Smith attributes Veranda’s success, in part, to its uniqueness in the marketplace. Its readership are affluent, global women who own four or five homes and travel from one to the other.

“She has an incredible lifestyle. She’s a collector — she loves jewelry and travel,” Smith said. “You will never meet a Veranda reader who doesn’t have every copy for 30 years. She collects these issues because they are a reflection of her life.”

The average age of its readership is about 50, but as the cover shows, Veranda is trying to reach out to a younger demographic: families. The cover of the September/October issue is the first in the magazine’s 30-year history to feature people. Atlanta homeowner Taylea Fowler and her twins stand in front of her restored home, the historic Thornton House, designed by Atlanta-based Melanie Turner.
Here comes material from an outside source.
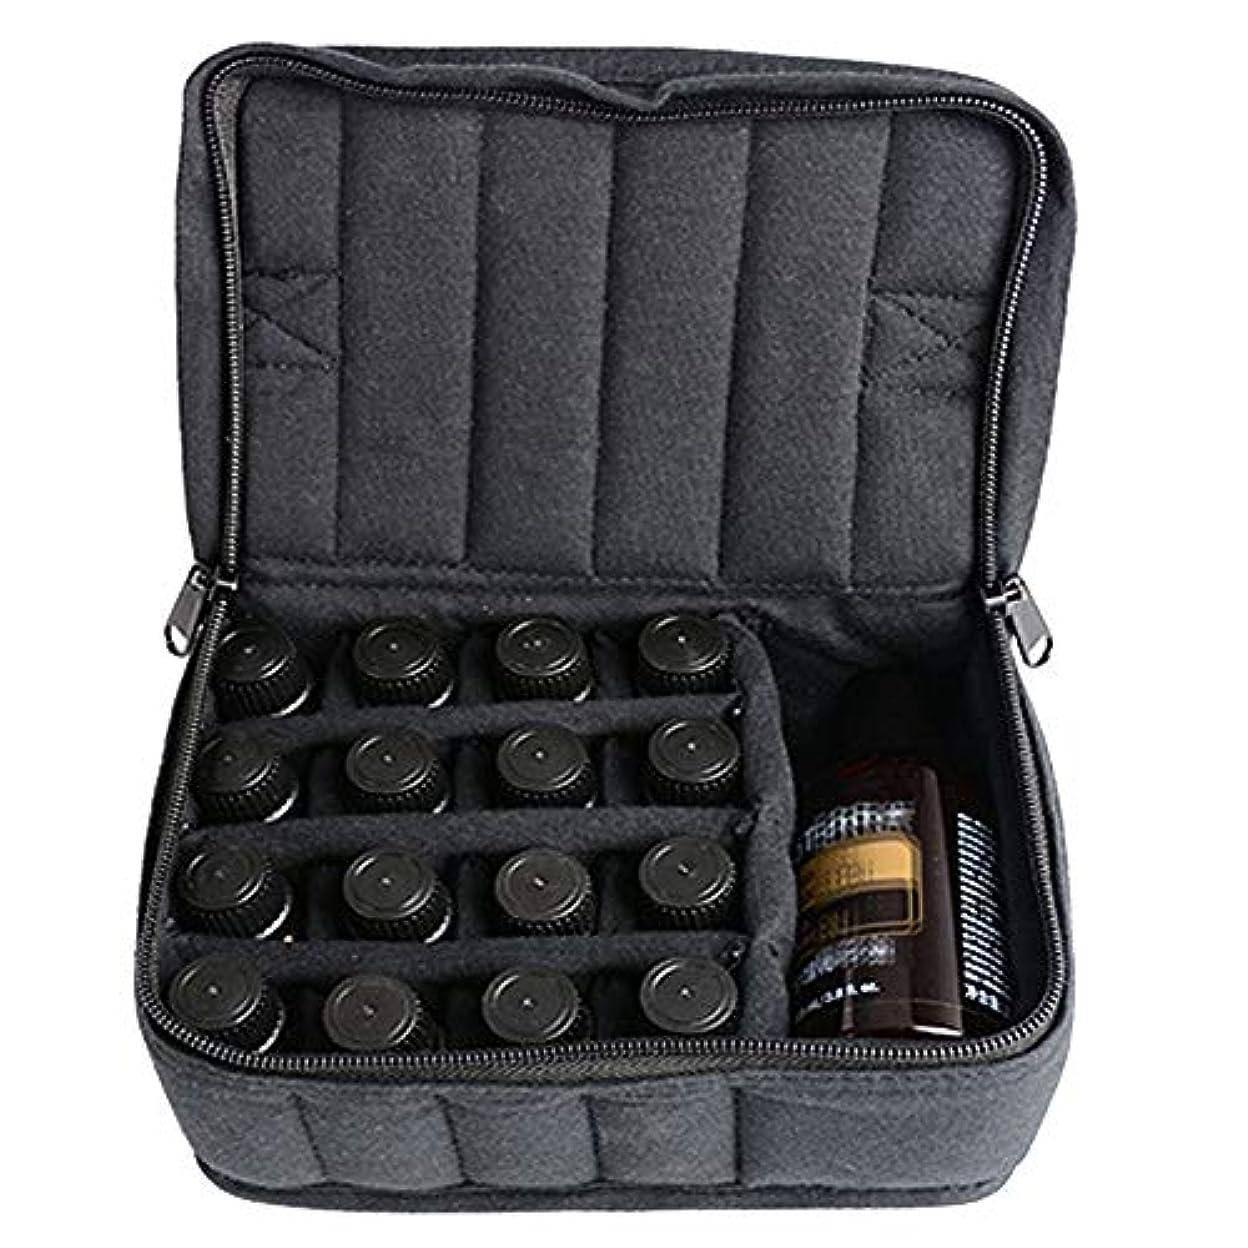 焦げノミネート設置エッセンシャルオイル収納ボックス ソフト走行ホルスター17オイル貯蔵ボトル用ボトル17 5ミリリットル/ 10ミリリットル元/ 15ミリリットル 丈夫で持ち運びが簡単 (色 : ブラック, サイズ : 17X14X7.5CM)

Veranda was No.1 in print and digital audience growth in June 2017, according to MPA. Smith said the success of the print product is also due to its category. 

“In the design world, it’s print first. We are very print-centric. We are very much about seeing it, holding it in your hands and celebrating it — and spending an hour plus with it and have it sit on your coffee table,” Smith said.

Veranda has a rate base of 460,000 and publishes six issues a year.

The title has had stability, too. Clinton Smith is only the third editor-in-chief in Veranda’s 30 years.

Highlights in the anniversary issue include a tour of Oprah’s private rose garden and a collage of moments from Veranda’s archives. 

In October, Veranda will debut its first furniture line at High Point Market, in partnership with Fine Furniture.